Der Oberste Gerichtshof hat durch den Senatspräsidenten Univ.‑Prof. Dr. Neumayr als Vorsitzenden, die Hofrätin Dr. Hofer‑Zeni‑Rennhofer sowie die Anwaltsrichter Dr. Buresch und Dr. Klaar als weitere Richter in der Wiederaufnahmesache der Berufungswerberin *****, über die Berufung der ***** gegen den Bescheid des Ausschusses der Rechtsanwaltskammer Wien (Plenum) vom 14. Juni 2016, AZ 1531/85, nach mündlicher Verhandlung den

Beschluss

gefasst:

European Case Law Identifier: ECLI:AT:OGH0002:2017:0190OB00005.16Y.0214.000

 

Spruch:

Der Berufung wird nicht Folge gegeben.

Die Berufungswerberin hat ihre Kosten des Rechtsmittelverfahrens selbst zu tragen.

 

Begründung:

Mit Beschluss vom 30. April 1985, AZ 1531/85, verfügte der Ausschuss der Rechtsanwaltskammer Wien, Niederösterreich und Burgenland die amtswegige Löschung der nunmehrigen Berufungswerberin in der Rechtsanwaltsliste, weil mit Beschluss des Handelsgerichts Wien vom ***** 1985, *****, ein gegen sie gestellter Konkursantrag mangels eines zur Deckung der Kosten des Konkursverfahrens voraussichtlich hinreichenden Vermögens gemäß § 72 KO rechtskräftig abgewiesen worden war und dadurch die Berechtigung zur Ausübung der Rechtsanwaltschaft gemäß § 34 Abs 1 lit a RAO erloschen war. Die von der nunmehrigen Rechtsmittelwerberin gegen den Beschluss vom 30. April 1985 erhobene „Vorstellung“ wurde mit Beschluss des Ausschusses der Rechtsanwaltskammer für Wien, Niederösterreich und Burgenland vom 28. Mai 1985 zurückgewiesen

Die gegen die Beschlüsse vom 30. April 1985 und vom 28. Mai 1985 erhobenen Berufungen der nunmehrigen Berufungswerberin wurden mit Beschluss der Obersten Berufungs- und Disziplinarkommission für Rechtsanwälte und Rechtsanwaltsanwärter (OBDK) vom 8. Juli 1985, Bkv 2/85, als unzulässig zurückgewiesen, dies im Wesentlichen mit der Begründung, dass die damals geltenden Bestimmungen der RAO zwar Rechtsmittel gegen die Verweigerung der Eintragung in die Rechtsanwaltsliste und die Liste der Rechtsanwaltsanwärter vorsahen, nicht aber gegen Verfügung der Löschung eines Rechtsanwalts in der Rechtsanwaltsliste.
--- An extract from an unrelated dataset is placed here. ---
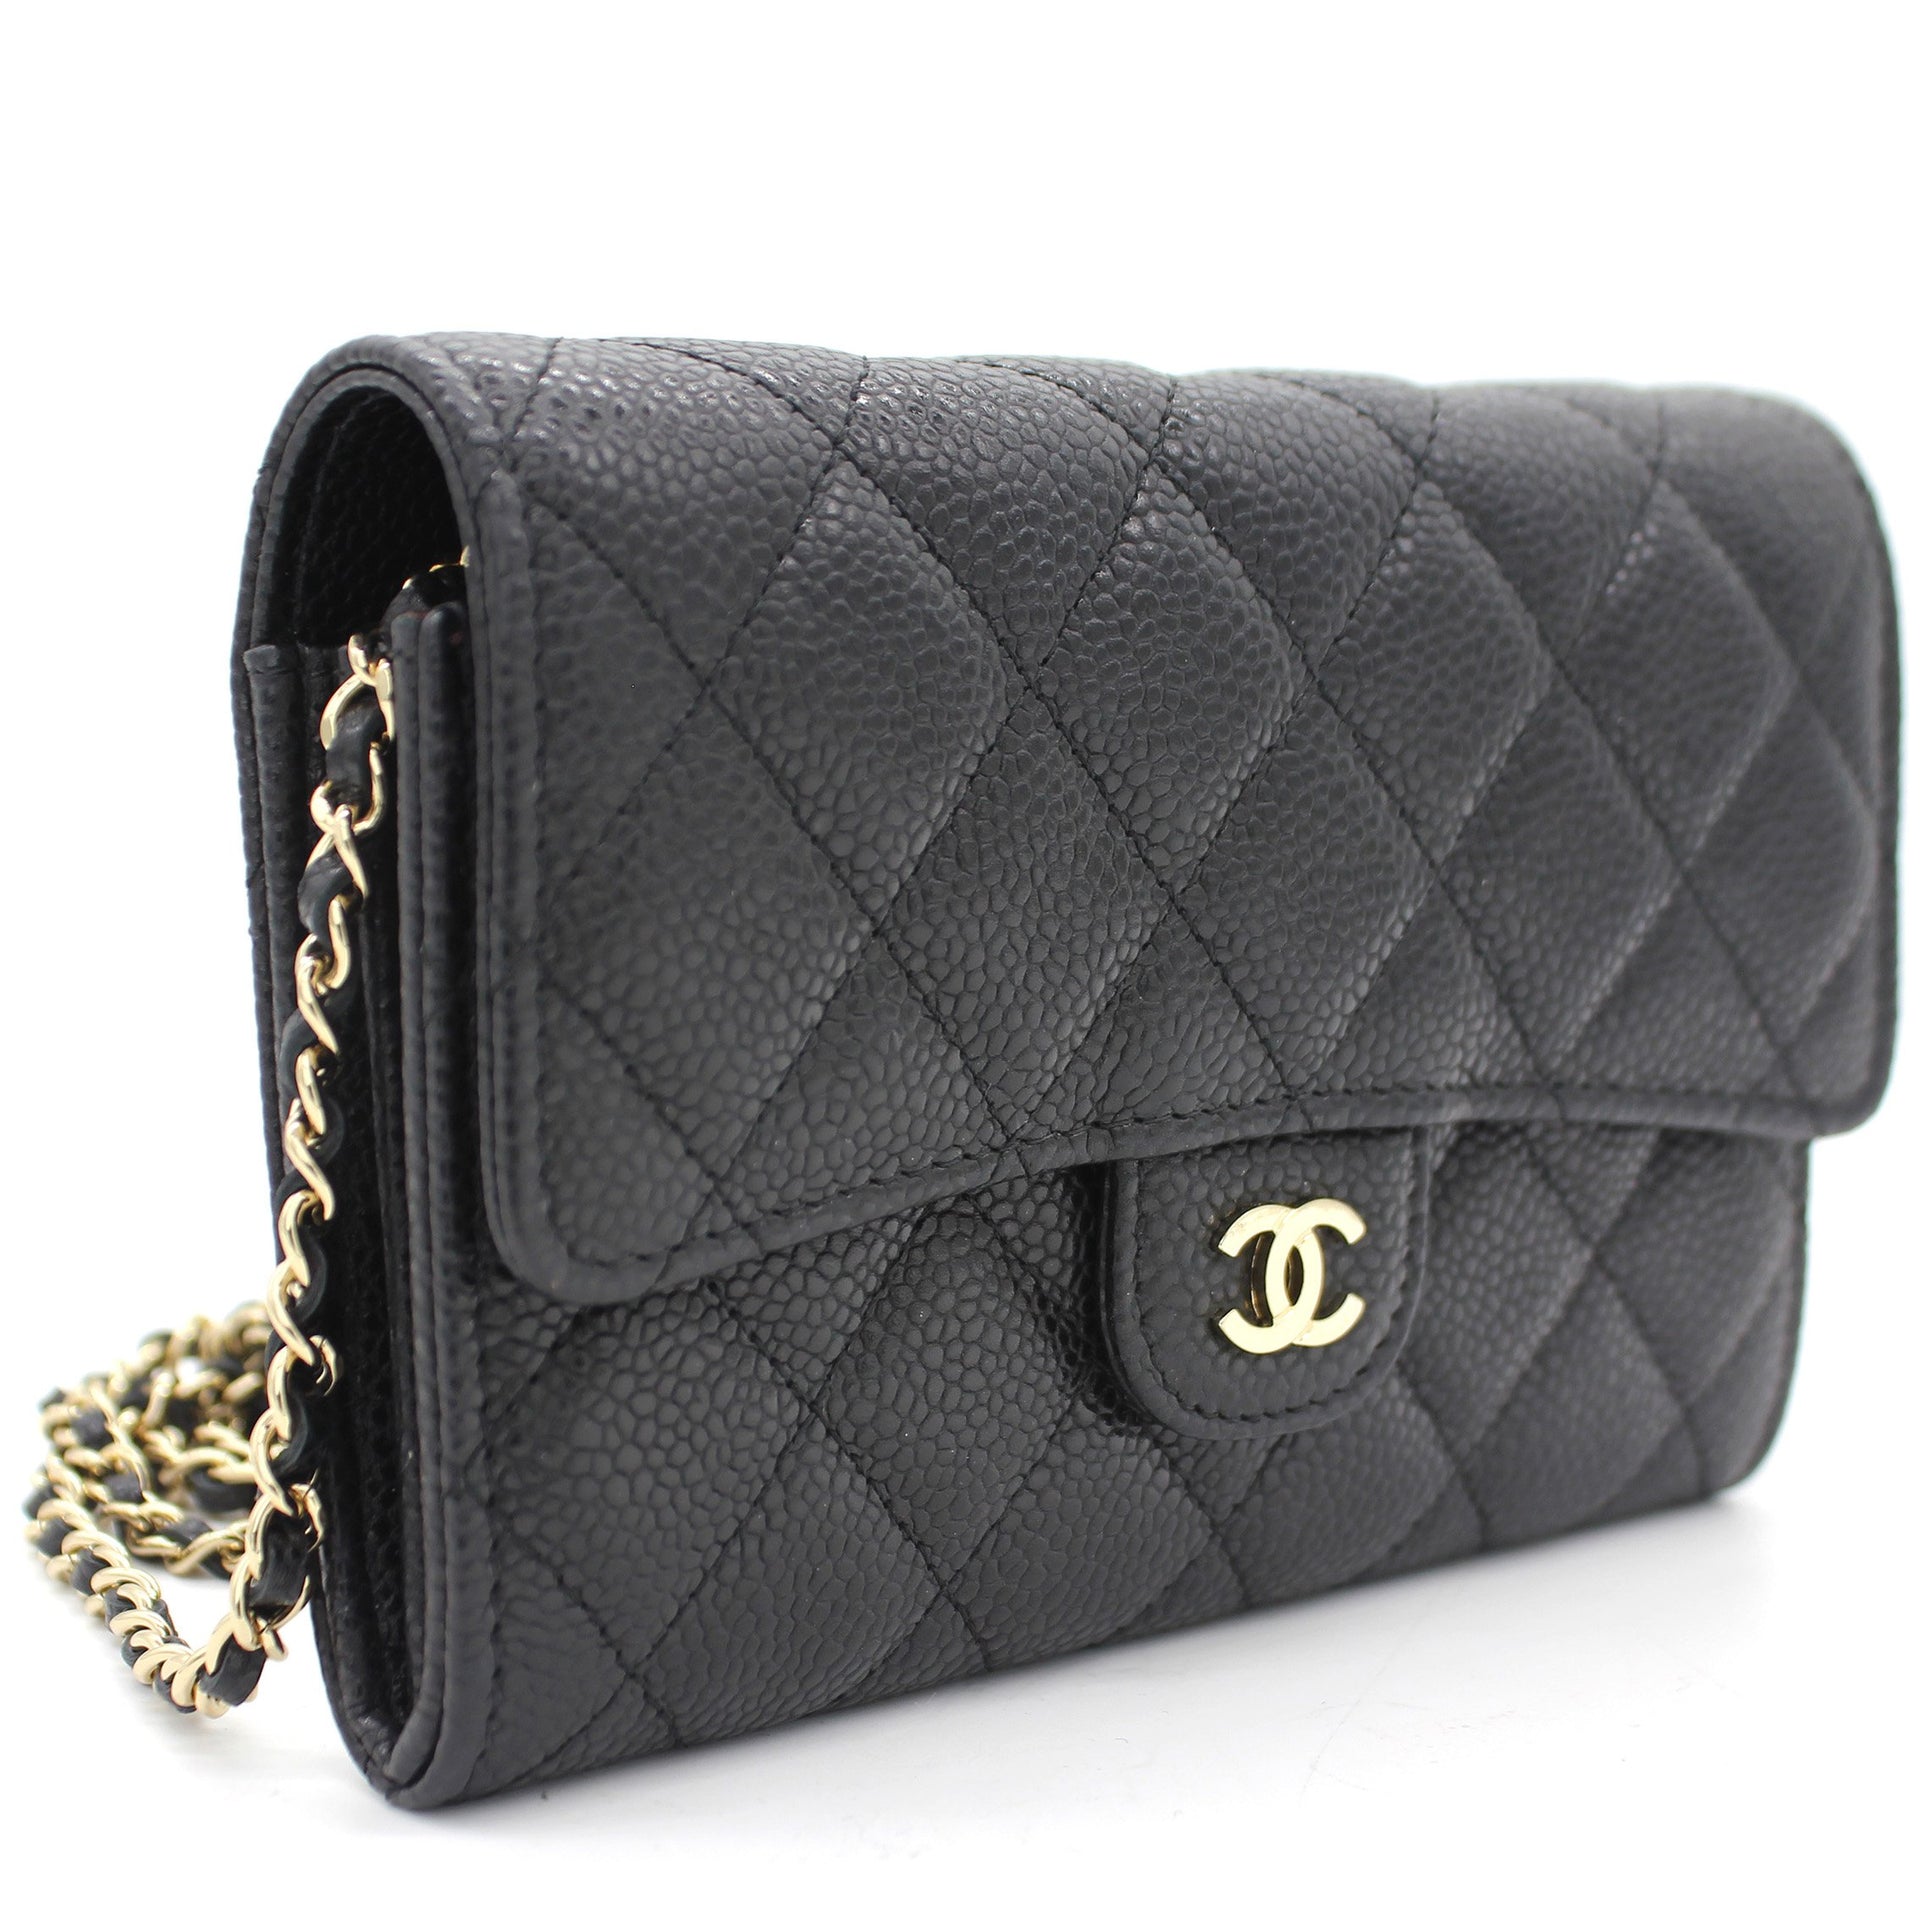 Chanel Black Lambskin Quilted Leather Chanel 19 O Case Clutch Bag Chanel   TLC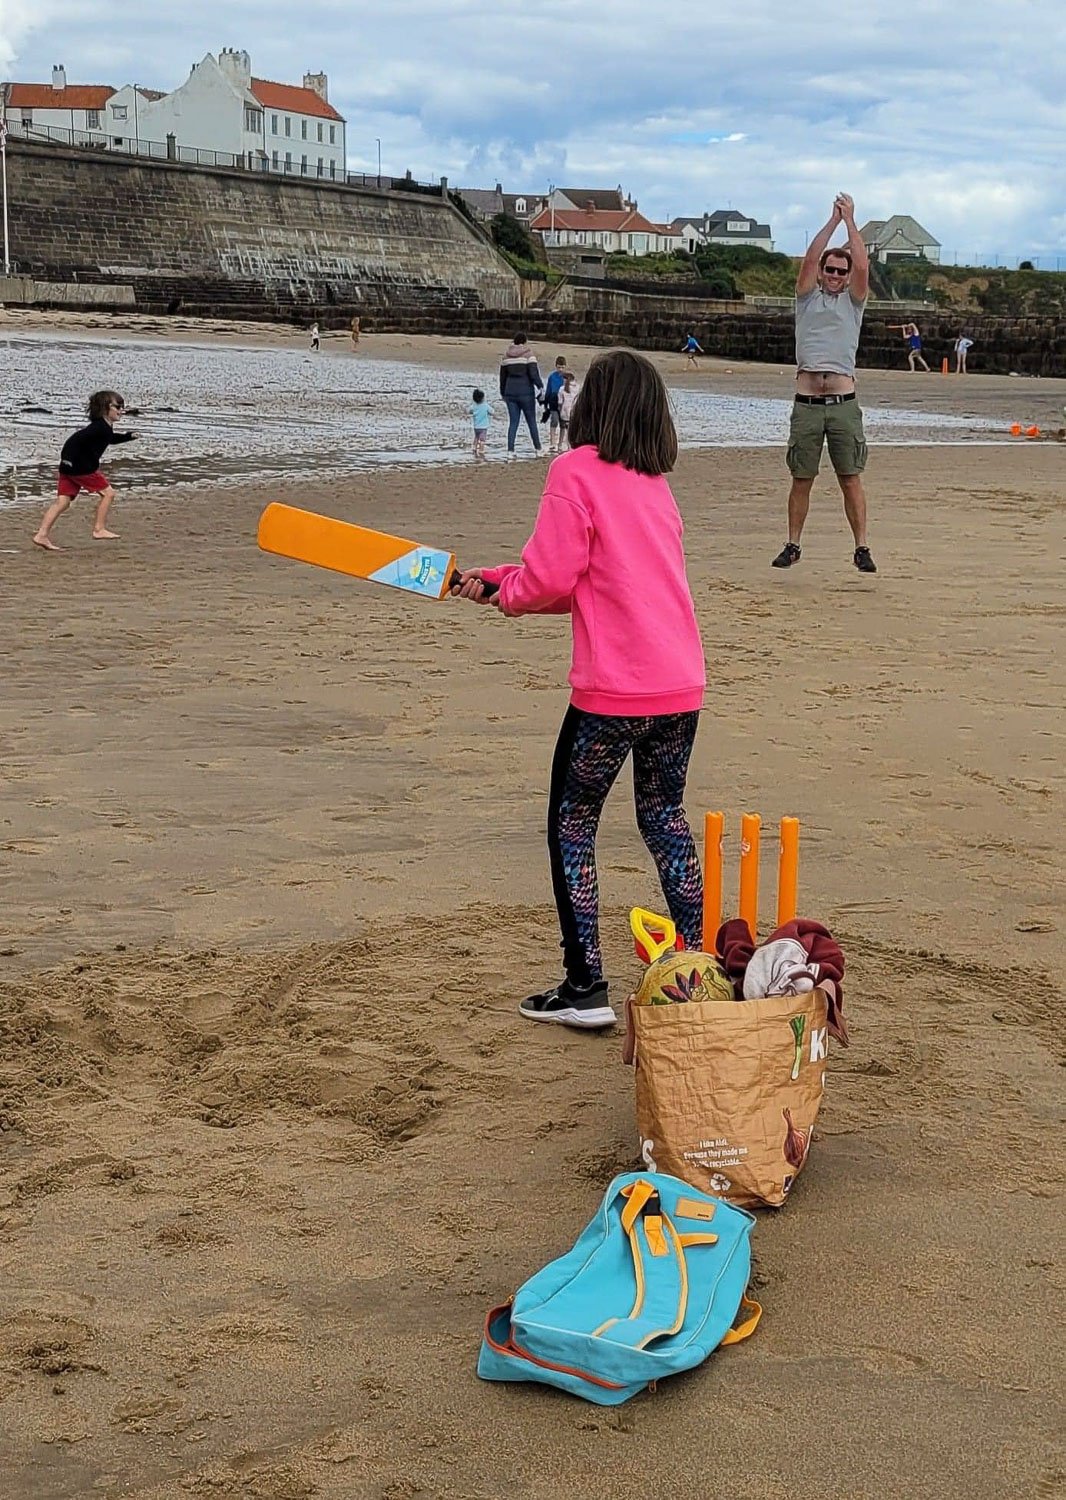 A family of three playing cricket on a beach

Am 25. Februar 2013 stellte die Berufungswerberin beim Ausschuss der Rechtsanwaltskammer Wien einen Antrag auf Altersversorgung gemäß §§ 49, 50 RAO. Diesem Antrag wurde mit Beschluss des Ausschusses, Abteilung VI, vom 2. Juli 2013, AZ 03/01 2013/1273, rückwirkend per 1. März 2013 stattgegeben, wobei zur Höhe des Anspruchs ausgesprochen wurde, dass die Leistung 24,762 % der Basisrente gemäß der jeweils geltenden Leistungsordnung beträgt. Einer dagegen erhobenen Vorstellung gab der Ausschuss der Rechtsanwaltskammer Wien (Plenum) mit Beschluss vom 28. Jänner 2014, AZ 04/01 2013/1273, nicht Folge.

Gegen diesen Beschluss brachte die Antragstellerin am 13. März 2014 beim Verwaltungsgericht Wien eine als „Klage“ bezeichnete Beschwerde, verbunden mit dem Antrag auf Wiederaufnahme des Verfahrens vor dem Ausschuss der Rechtsanwaltskammer Wien, GZ 1531/85, ein.

Mit Erkenntnis vom 20. Jänner 2015, GZ VGW 101/029/23717/2014‑6, wies das Verwaltungsgericht Wien die Beschwerde als unbegründet ab und sprach außerdem aus, dass über den Antrag auf Wiederaufnahme gemäß § 17 VwGVG iVm § 6 AVG die Rechtsanwaltskammer Wien als zuständige Behörde zu entscheiden habe.

Mit dem nunmehr angefochtenen, im Plenum gefassten Beschluss vom 14. Juni 2016, GZ 1531/85, wies der Ausschuss der Rechtsanwaltskammer Wien den Antrag auf Wiederaufnahme zurück. Zur Begründung wurde ausgeführt, dass nach Ablauf von drei Jahren nach Erlassung des Bescheids ein Antrag auf Wiederaufnahme nicht mehr gestellt werden könne (§ 69 Abs 2 AVG).

Rechtliche Beurteilung

Gegen diese Entscheidung richtet sich die (als Beschwerde bezeichnete) rechtzeitige Berufung der Antragstellerin, die nicht berechtigt ist.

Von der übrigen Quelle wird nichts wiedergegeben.